TELEFON KAYITLARI İSTENDİ
KOM Dairesi’nin talimatı üzerinde dönemin İstanbul Organize Suçlarla Şube Müdürü Nazmi Ardıç, İstanbul Cumhuriyet Başsavcılığı’na yazdığı yazıda, “örgütsel faaliyetleri ve irtibatlarının ortaya çıkartılabilmesi, yapılanmanın tüm yönlerinin deşifre edilebilmesi için” Mehmet Osman Kavala, Mehmet Ali Alabora, Ayşe Pınar Alabora, Defne Anter, Handan Meltem Arıkan ve Melin Osasogie Edomwonyi’ye ait cep telefonlarının 1 Ocak 2012’den itibaren bütün arayan-aranan, abone bilgisi ve baz istasyonu kayıtlarının teminini istedi.
Savcı Muammer Akkaş da “suç işlendiğine dair kuvvetli şüphe olduğundan” aynı kişiler hakkında “suç işlemek amacıyla örgüt kurmak ve yönetmek, örgüte üye olmak, örgüt faaliyeti kapsamında Türkiye Cumhuriyeti Devleti’ne karşı silahlı isyana teşvik, halkı kin ve düşmanlığa tahrik” iddiasıyla 20 Haziran 2013’te İstanbul 1 No’lu Hakimliği’ne başvurarak, dökümleri istedi.
Çarşı Grubu’na ‘darbe’ iddiasıyla açılan ait dava dosyasının ek klasörlerine giren bu iki yazışmanın akıbeti, dökümlerin alınıp alınmadığı ve soruşturma sonucunda ne işlem yapıldığı bilinmiyor.

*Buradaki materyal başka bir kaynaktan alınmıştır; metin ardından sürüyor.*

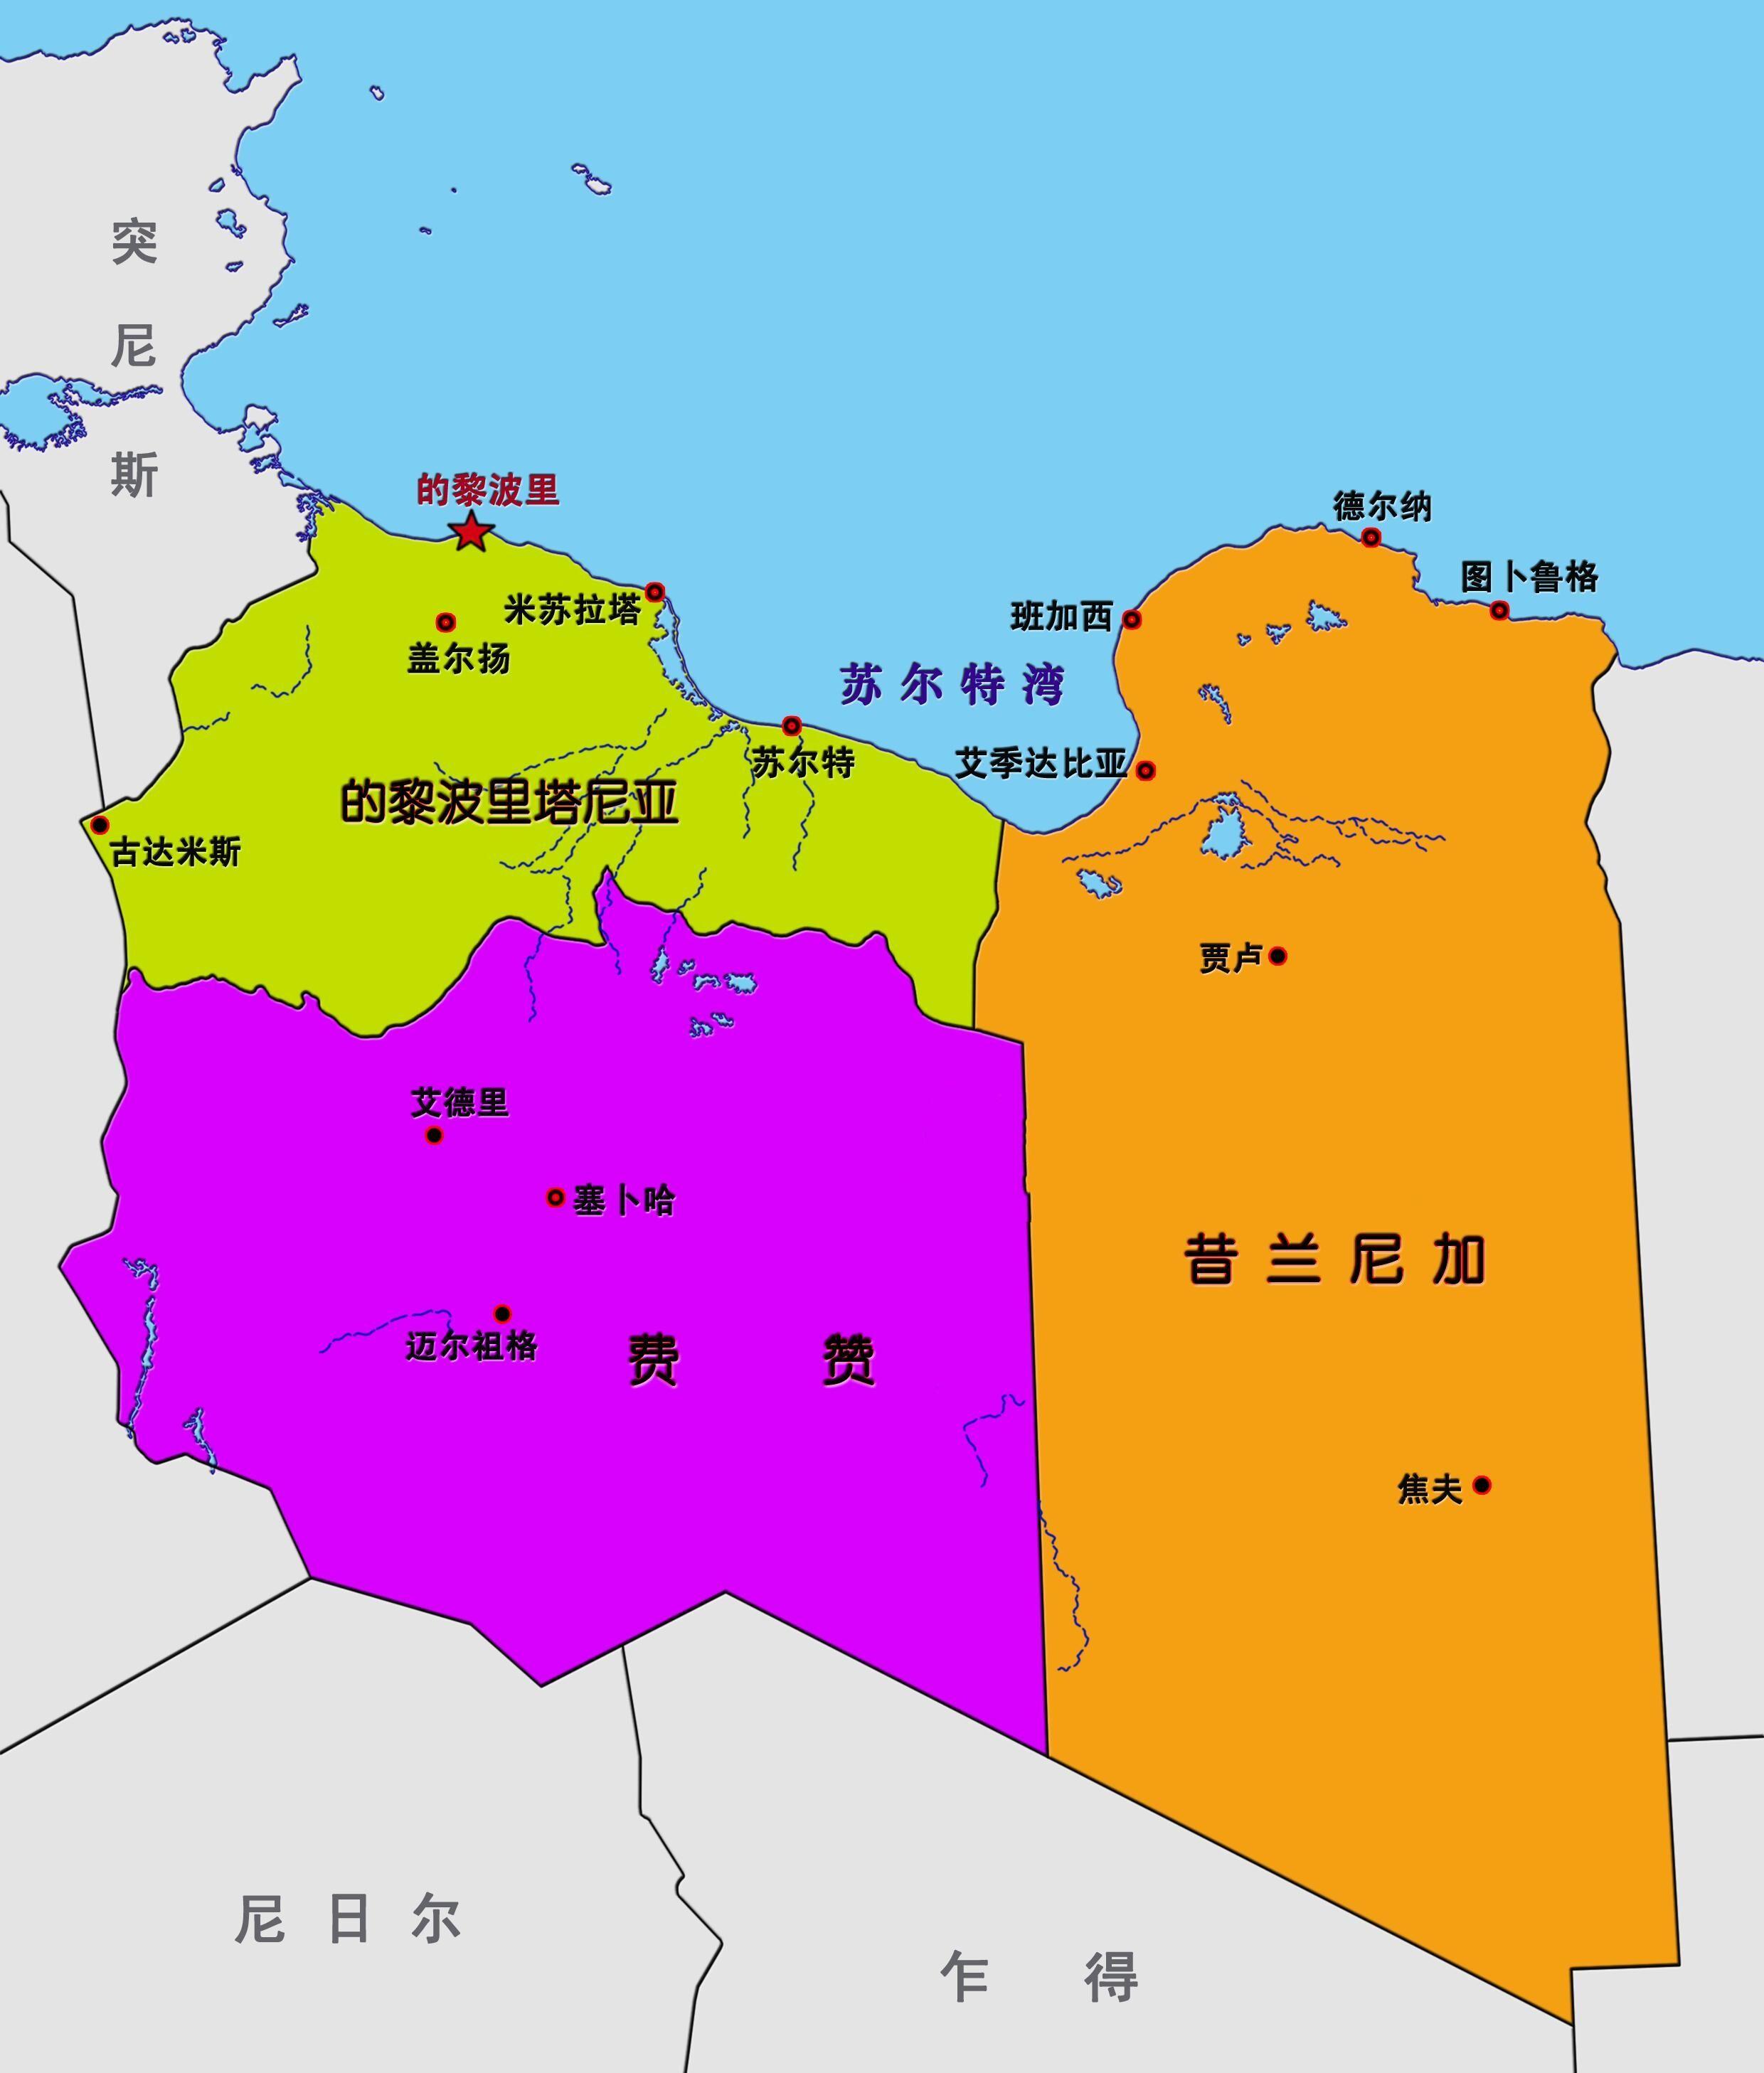 利比亚位于北非,与意大利隔海相望

Savcı Akkaş ve Emniyet Müdürü Nazmi Ardıç, 17-25 Aralık’taki yolsuzluk soruşturmasını yürütenler içinde yer aldıkları için görevlerinden alınmıştı.
KAVALA: PARANOYANIN BOYUTU HAKKINDA ÇARPICI BİR BİLGİ
Osman Kavala, böyle bir işlemden haberdar olmadığını ve ifadeye çağrılmadığını belirterek, “Bu dönemde Emniyet’te bazı kişilerde ortaya çıkan paranoyanın boyutları hakkında çarpıcı bir bilgidir bu. Aynı zamanda son derece ürkütücüdür. Düzgün istihbarat yapması beklenen kurumun tamamen hayal mahsulü ilişkilerle iştigal ettiğini ve yargıyı meşgul ettiğini görüyoruz” dedi.